Given the rate and the magnitude of algorithm evolution, many of those alternative AI chip designs may become obsolete even before their commercial releases. AI algorithms of tomorrow might demand different compute architectures, memory resources, data-transfer capabilities, etc.
There are various examples where algorithm improvements provided more performance gain than hardware improvement.
* A linear programming problem that would take 82 years to solve in 1988 could be solved in one minute in 2003. Hardware accounted for 1,000 times speedup, while algorithmic advance accounted for 43,000 times.
* Algorithm speedup between 1991 and 2013 for mixed integer solvers was 580,000 times, while the hardware speedup of peak supercomputers increased only 320,000 times.
* Similar results are rumored to take place in other classes of constrained optimization problems and prime number factorization.

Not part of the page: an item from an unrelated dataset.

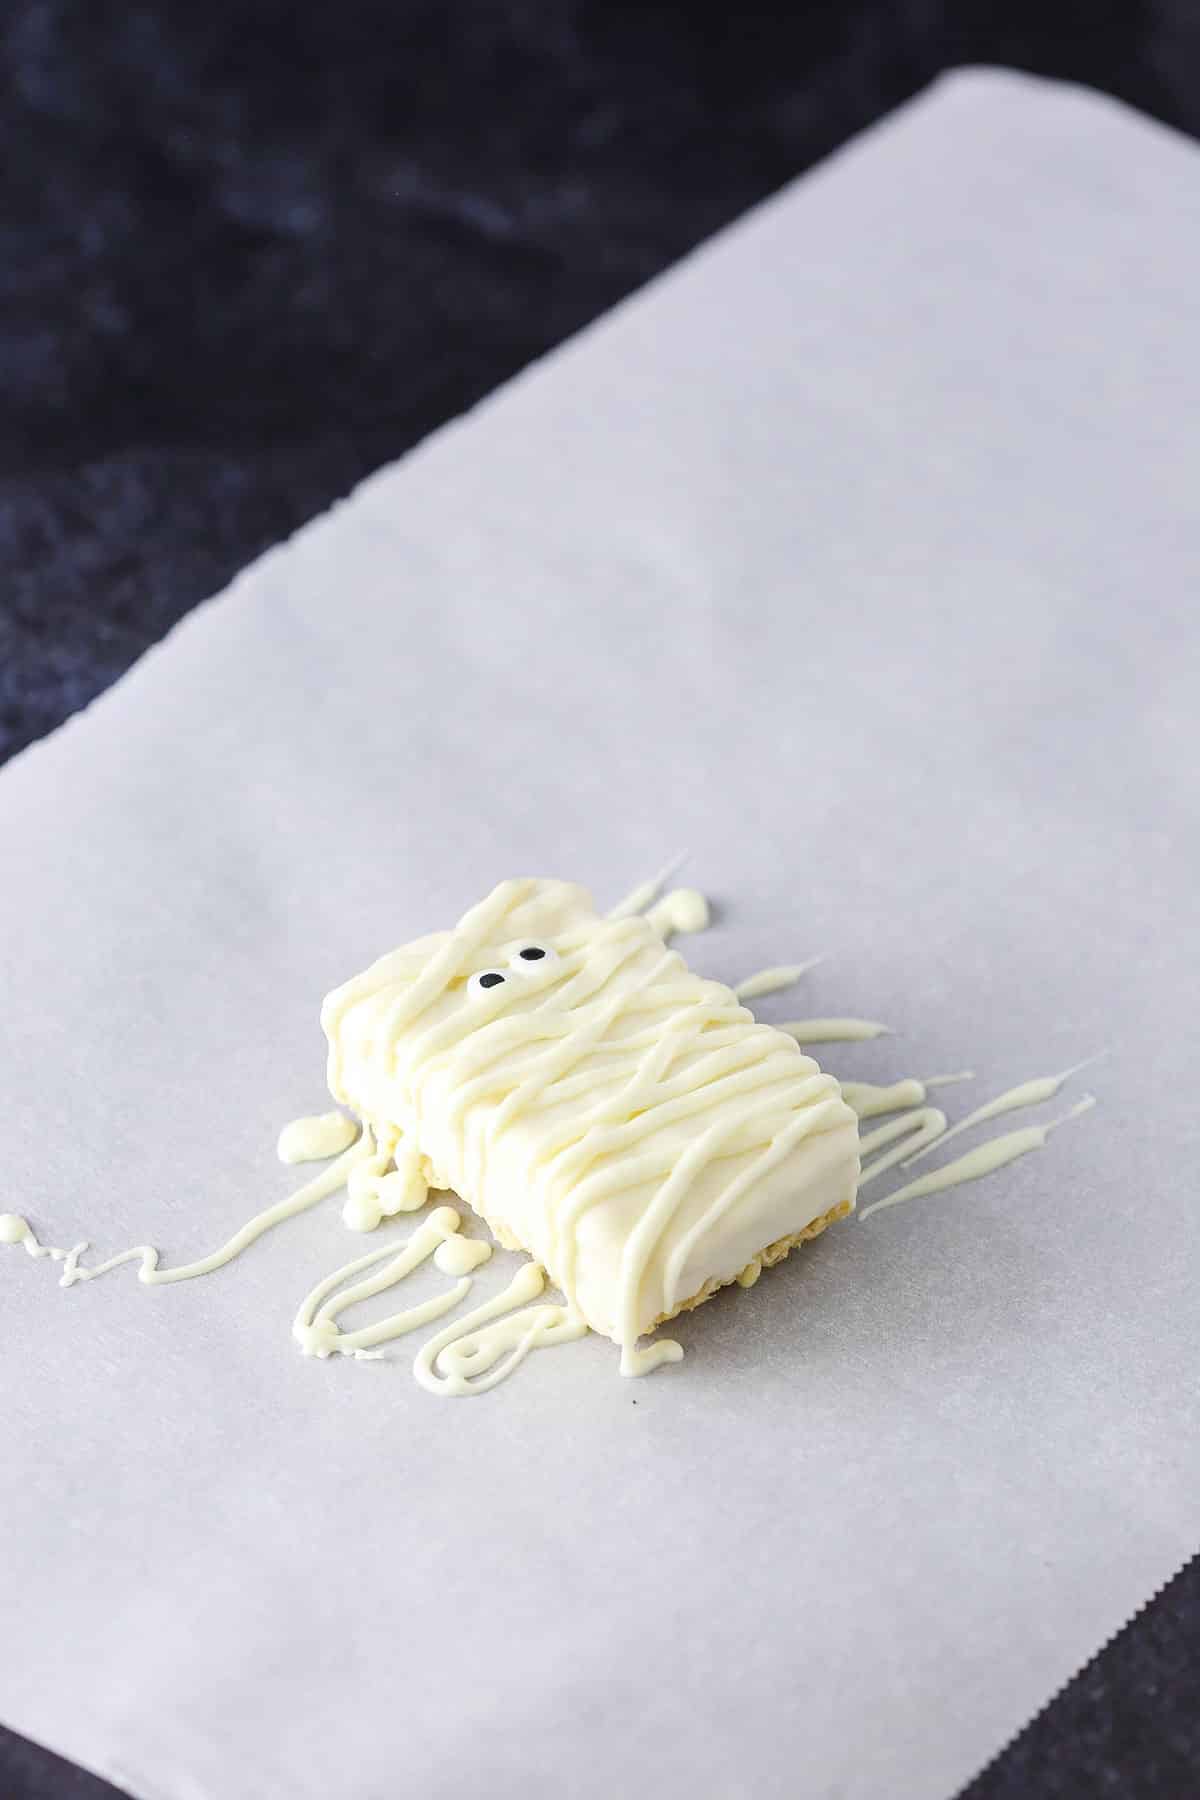 A step in making Mummy Rice Krispies Treats showing the completed treat decorated with eyes and piped white chocolate drying on parchment paper

DeepScale, spun-out of UC Berkeley research, squeezes AI for advanced driver assistance systems (ADAS) and autonomous driving onto automotive grade-chips (as opposed to GPUs). Their neural network models have demonstrated 30 times speedup compared to leading object detection models using algorithms alone while reducing energy and memory footprint enough to run on existing hardware in just a couple of years.

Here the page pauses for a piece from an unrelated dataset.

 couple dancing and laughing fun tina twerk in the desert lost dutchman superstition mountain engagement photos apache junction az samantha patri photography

Another example of such algorithmic leapfrogging came from researchers from the Allen Institute of Artificial Intelligence. Using a novel mathematical approach employing binarization of neural networks, they showed that they can drastically increase speed as well as reduce power and memory requirements.
This enables even the most advanced deep-learning model to be deployed on a chip as small as a $5 Raspberry Pi. The researchers recently spun out the algorithms and processing tools as XNOR.ai* to deploy AI on edge devices and drive further algorithmic advances for AI.